— Договоримся, может? Только до травмпункта… Мы заплатим. Я заплачу.
Бойцам было все равно: их курево успокаивало. Они ждали терпеливо от начальника — стрелять или не надо. Олежек их не затрагивал.
— Ты дикого нам, что ли, тащишь? — раздраженно спросил у прыща командир.
— Рябушка.
— Гляньте, это же тот, с яйцом! По килту узнал! — обрадовался наконец один из рядовых.
Курица, пойманная Гомером, била глупыми слабыми крыльями. Хотела за хозяином — на небо.
— Дикого? То есть — дикого?
— Шаг назад!
— Да он подохнет тут сейчас!
— Виза есть у него? — командир вспомнил что-то; достал из кармана обрывок бумажной салфетки, заткнул им свою рану.

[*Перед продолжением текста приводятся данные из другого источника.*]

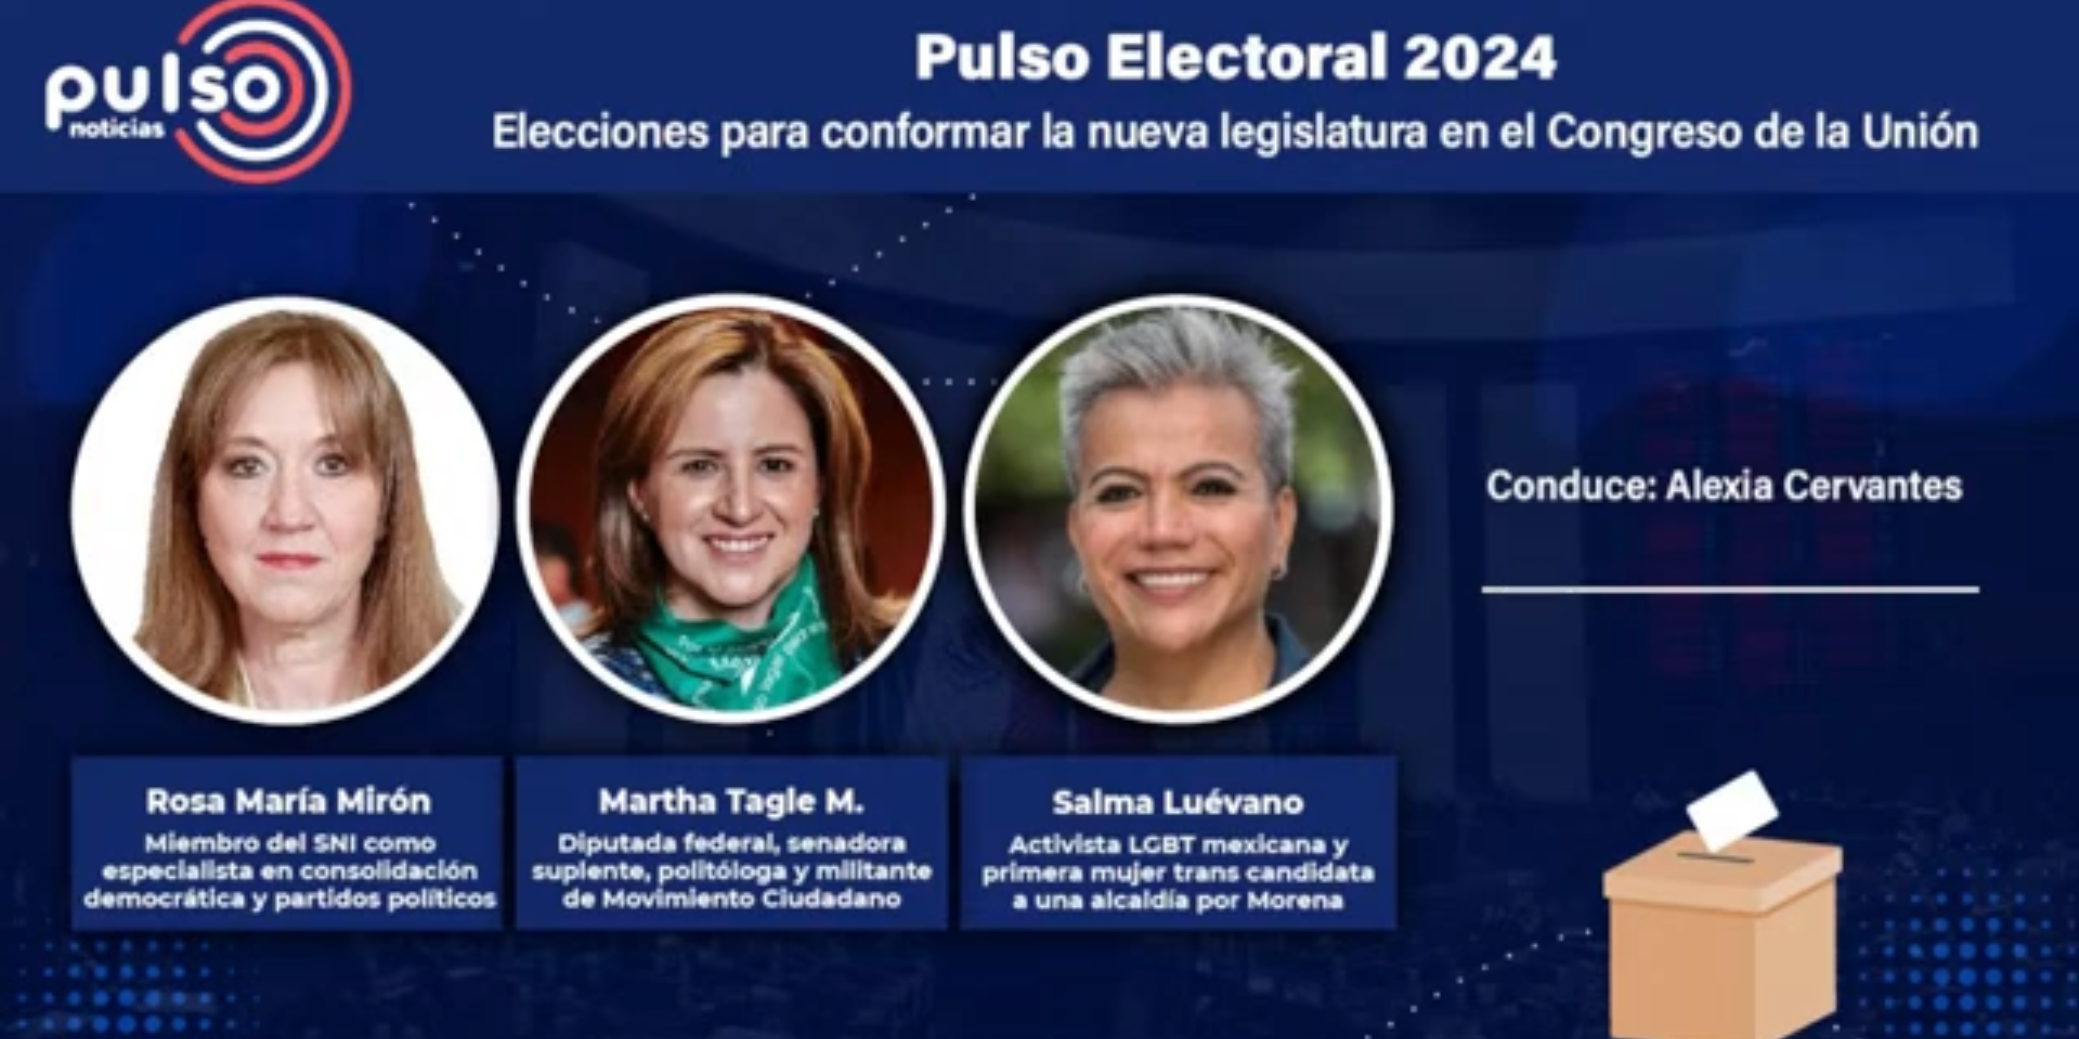 Pulso Electoral 2024: Congressional Races in Mexico

— Нет у него визы. Не знаю!
— Шаг назад! Раз. До трех.
— Временно его хоть! Хоть дырку зашить!
— Два, — командир отнял салфетку, поглядел — много ли крови натекло? — и остался недоволен.
— Обидно как. С яйцом. Обидно.
— Пустите, суки!
— Слышь, донкихот! Они ж там как мухи… — сказал Артему один из бойцов.
— Ты их всех переспасать собрался? Спасалка коротка! — хмыкнул другой, отплевывая дотлевшую самокрутку.
— Пожалуйста! Ну? Пожалуйста!
— Три. Нарушение государственной границы, — командир поморщился: прыщ никак не затыкался.
В первый раз он на Олежека посмотрел, чтобы в него прицелиться.
Чиркнуло, как кремень, тюкнуло — автоматы с глушителями, берегут на Ганзе солдатские уши! — и выщербило пулей стену, и клюнуло потолок. Пыль вниз опустилась, как занавес.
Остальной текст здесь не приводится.